(MATERIAL SUPPLIED Opens)

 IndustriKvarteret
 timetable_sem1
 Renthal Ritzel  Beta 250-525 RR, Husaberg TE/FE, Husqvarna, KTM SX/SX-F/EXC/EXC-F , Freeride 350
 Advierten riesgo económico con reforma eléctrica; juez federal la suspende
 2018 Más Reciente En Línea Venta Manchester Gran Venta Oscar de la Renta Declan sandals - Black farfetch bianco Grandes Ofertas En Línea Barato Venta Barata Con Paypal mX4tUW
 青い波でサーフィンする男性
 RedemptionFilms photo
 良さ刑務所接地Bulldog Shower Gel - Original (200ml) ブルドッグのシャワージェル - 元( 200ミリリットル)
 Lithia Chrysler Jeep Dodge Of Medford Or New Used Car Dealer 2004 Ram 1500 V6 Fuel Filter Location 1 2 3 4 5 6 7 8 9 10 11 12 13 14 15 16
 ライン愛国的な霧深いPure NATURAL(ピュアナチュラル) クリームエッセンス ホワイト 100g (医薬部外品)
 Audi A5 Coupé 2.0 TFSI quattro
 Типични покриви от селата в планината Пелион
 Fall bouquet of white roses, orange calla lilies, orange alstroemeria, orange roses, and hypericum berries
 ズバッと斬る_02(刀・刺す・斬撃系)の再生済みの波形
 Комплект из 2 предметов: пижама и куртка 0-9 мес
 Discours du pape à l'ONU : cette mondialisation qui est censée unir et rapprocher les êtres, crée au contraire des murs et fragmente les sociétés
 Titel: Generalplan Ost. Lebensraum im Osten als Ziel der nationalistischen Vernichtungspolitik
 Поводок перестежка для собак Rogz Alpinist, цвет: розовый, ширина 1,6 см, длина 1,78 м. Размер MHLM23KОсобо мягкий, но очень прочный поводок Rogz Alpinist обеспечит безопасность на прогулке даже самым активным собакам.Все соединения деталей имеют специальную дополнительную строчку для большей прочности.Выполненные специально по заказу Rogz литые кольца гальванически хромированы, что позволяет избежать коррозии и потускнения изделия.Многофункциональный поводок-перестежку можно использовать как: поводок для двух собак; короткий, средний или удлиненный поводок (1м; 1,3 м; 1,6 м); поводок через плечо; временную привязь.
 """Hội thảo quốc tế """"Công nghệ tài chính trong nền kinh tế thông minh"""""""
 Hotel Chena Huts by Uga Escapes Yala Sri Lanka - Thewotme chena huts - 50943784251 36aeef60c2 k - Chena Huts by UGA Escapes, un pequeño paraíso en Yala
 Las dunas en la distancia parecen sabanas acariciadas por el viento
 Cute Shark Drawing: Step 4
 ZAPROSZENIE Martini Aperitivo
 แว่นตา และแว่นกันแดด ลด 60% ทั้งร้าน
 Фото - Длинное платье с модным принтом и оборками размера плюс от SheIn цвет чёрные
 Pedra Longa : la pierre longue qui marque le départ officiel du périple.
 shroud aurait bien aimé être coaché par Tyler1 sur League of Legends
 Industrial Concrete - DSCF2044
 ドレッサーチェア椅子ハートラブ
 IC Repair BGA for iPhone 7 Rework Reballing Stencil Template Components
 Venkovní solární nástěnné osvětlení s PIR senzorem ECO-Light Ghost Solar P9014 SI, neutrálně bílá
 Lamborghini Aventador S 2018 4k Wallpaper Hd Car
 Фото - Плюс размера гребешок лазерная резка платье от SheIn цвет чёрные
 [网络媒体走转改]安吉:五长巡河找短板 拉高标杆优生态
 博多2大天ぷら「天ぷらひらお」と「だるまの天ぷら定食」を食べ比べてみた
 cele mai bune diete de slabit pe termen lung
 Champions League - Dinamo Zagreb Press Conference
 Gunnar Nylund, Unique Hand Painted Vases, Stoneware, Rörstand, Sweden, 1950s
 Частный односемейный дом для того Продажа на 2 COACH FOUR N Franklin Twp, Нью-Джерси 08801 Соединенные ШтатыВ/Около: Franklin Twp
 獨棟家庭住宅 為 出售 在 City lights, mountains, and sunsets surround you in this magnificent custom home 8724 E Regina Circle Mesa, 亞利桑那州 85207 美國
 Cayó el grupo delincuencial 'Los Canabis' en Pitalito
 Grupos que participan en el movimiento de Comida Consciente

(MATERIAL SUPPLIED Closes)

ABOUT THIS EXERCISE: Return a word-for-word copy of the lines above from the one holding "Discours du pape" through the one holding "Titel: Generalplan Ost.", with both of them included and nothing besides.

FINISHED EXERCISE:
 Discours du pape à l'ONU : cette mondialisation qui est censée unir et rapprocher les êtres, crée au contraire des murs et fragmente les sociétés
 Titel: Generalplan Ost. Lebensraum im Osten als Ziel der nationalistischen Vernichtungspolitik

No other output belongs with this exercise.